Marissa Mayer

The mark of a genius is her ability to transcend requirements, positions and stereotypes. Marissa Mayer falls nothing short of the category. Currently the Vice President of Google’s Search Products & User Experience, she is progress’ champion at the company that represents innovation at its core. Under her critical eye, several features have made Google a necessity for its millions of users. Among these revolutionary products are Google Earth, web search, news, books, images, maps, Google Desktop, Google Labs, Google Health and the all-accessible Google Toolbar. Over the years she has pioneered defining Google News and Gmail, brought the site to the global level by offering it in over 100 languages, developing and designing Google’s search interface as well as cumulatively introducing over 100 products and features on Google.com.

Growing up in small Wausau, Wisconsin, Marissa Mayer was definitely one with bigger-than-life ambitions. Choosing Stanford University over the other Ivy League schools that wanted her, she majored in Symbolic Systems and graduated with honors. Marissa Mayer proceeded to finish with a M.S. in Computer Science from the same institution. Specializing in artificial intelligence, she spent some time as a researcher in the USB research lab (Ubilab) in Zurich, Switzerland, and at SRI International in Menlo Park, California.

At the time, she was being eyed for a number of high profile positions in companies such as a job with top consulting authority McKinsey to a teaching job with the esteemed Carnegie Mellon University. Marissa Mayer decided to take a risk and go with the visionaries who were laying the foundations of Google. She went on board as the 20th hired employee and the company’s first female engineer in 1999.

Marissa Mayer has turned heads in media as well, as she became the subject of many prominent publications: Business 2.0 (“Silicon Valley Dream Team”), Newsweek (“10 Tech Leaders of the Future”), Red Herring (“15 Women to Watch”), Fortune, Fast Company, and BusinessWeek. Newsweek has even named her “one of the most powerful women of her generation.”

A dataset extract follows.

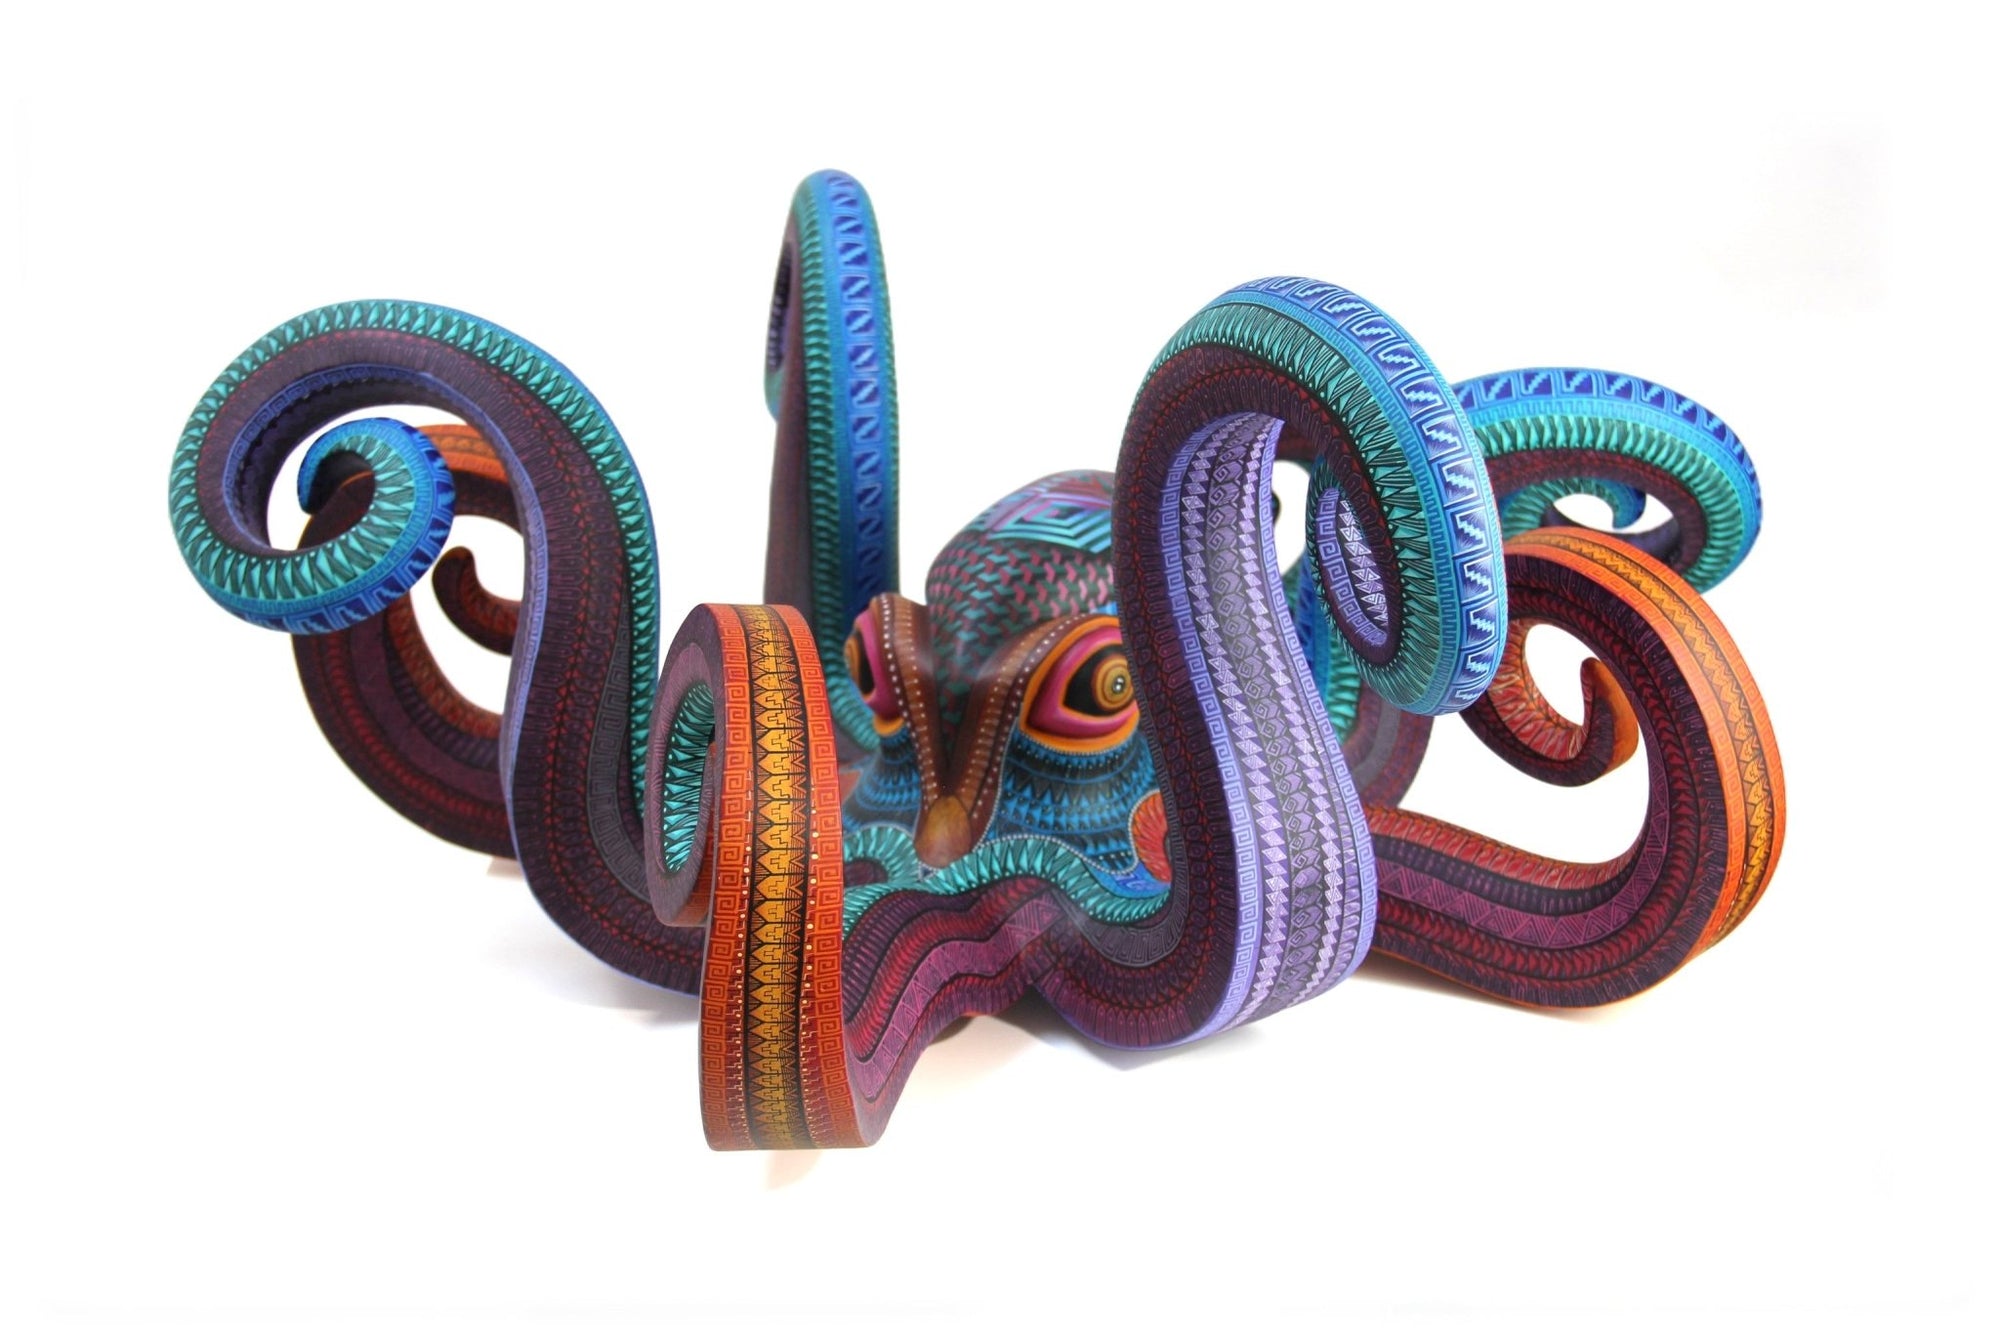 Oktopus Alebrije - Nisadó - Huichol Art - Marakame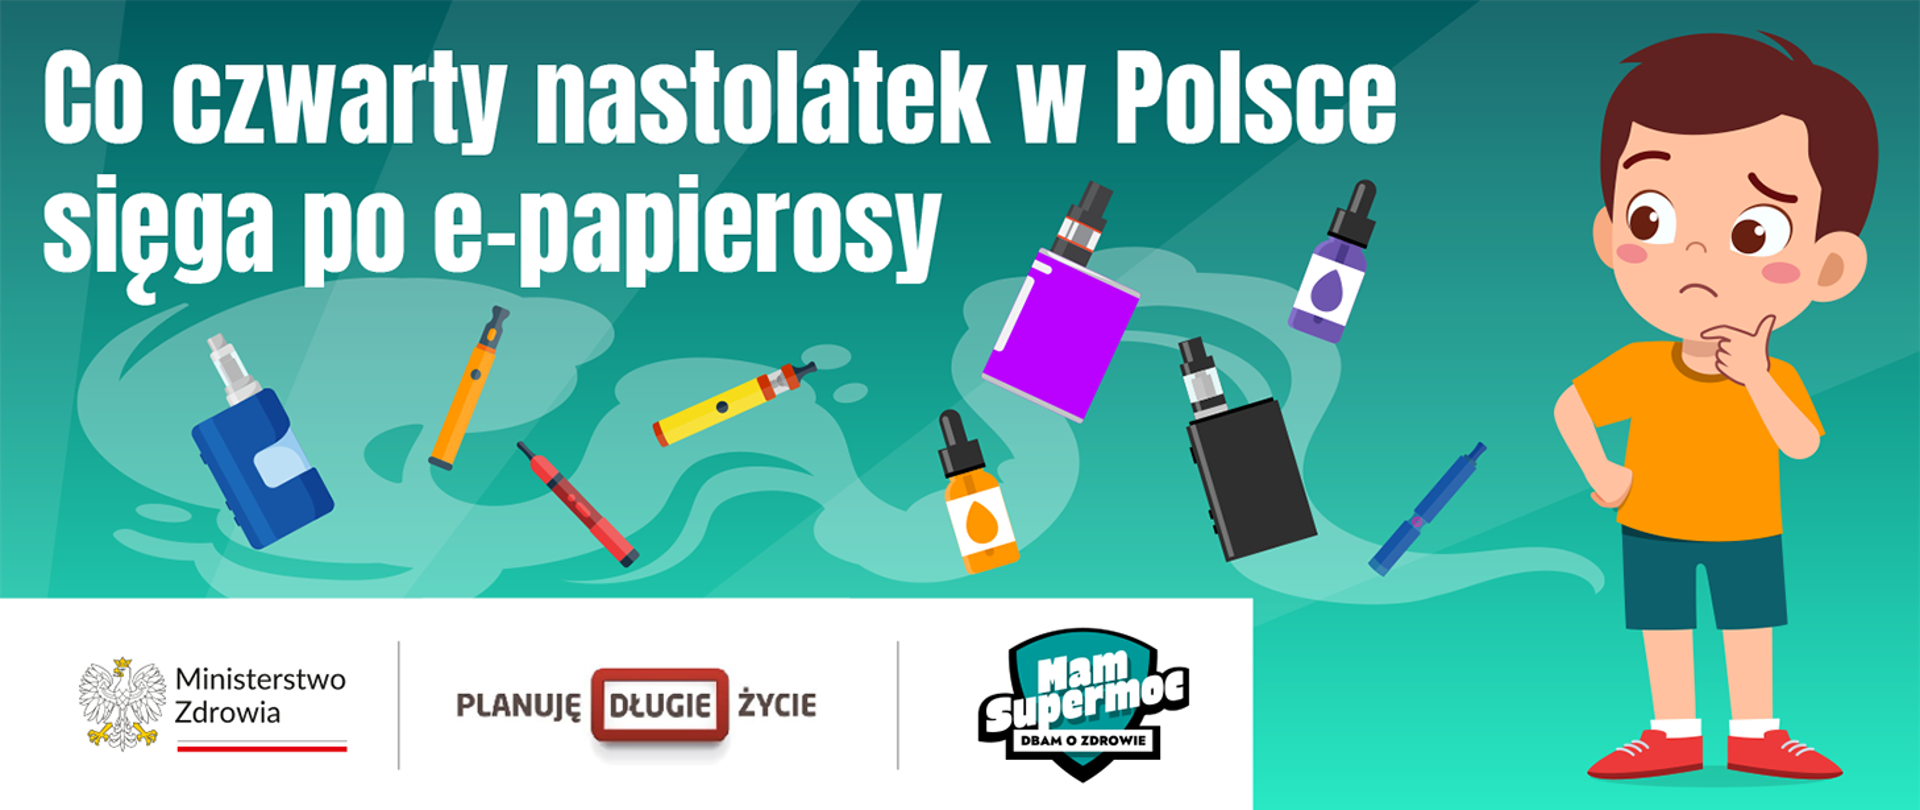 Co czwarty nastolatek w Polsce sięga po e-papierosy. Napis na zielonym tle z prawej strony zamyślony chłopiec, wokół różne rodzaje e-papierosów. Orzeł -Ministerstwo Zdrowia, logo.

One of her innovations that has created a considerable impact in the realm of philanthropy is a product of the customizability feature in Google’s home page and e-mail. For many years, the company has been satisfied with its minimalist and conservative white screen background. But with Marissa Mayer and Michaela Prescott’s efforts, users can now opt to display a banner or theme of the charitable institutions they support. Donation links are also enabled in the new offering. Some of the non-profit organizations that the company is working with include Doctors Without Borders, Oxfam America, Ashoka, Save the Children, and Heifer International.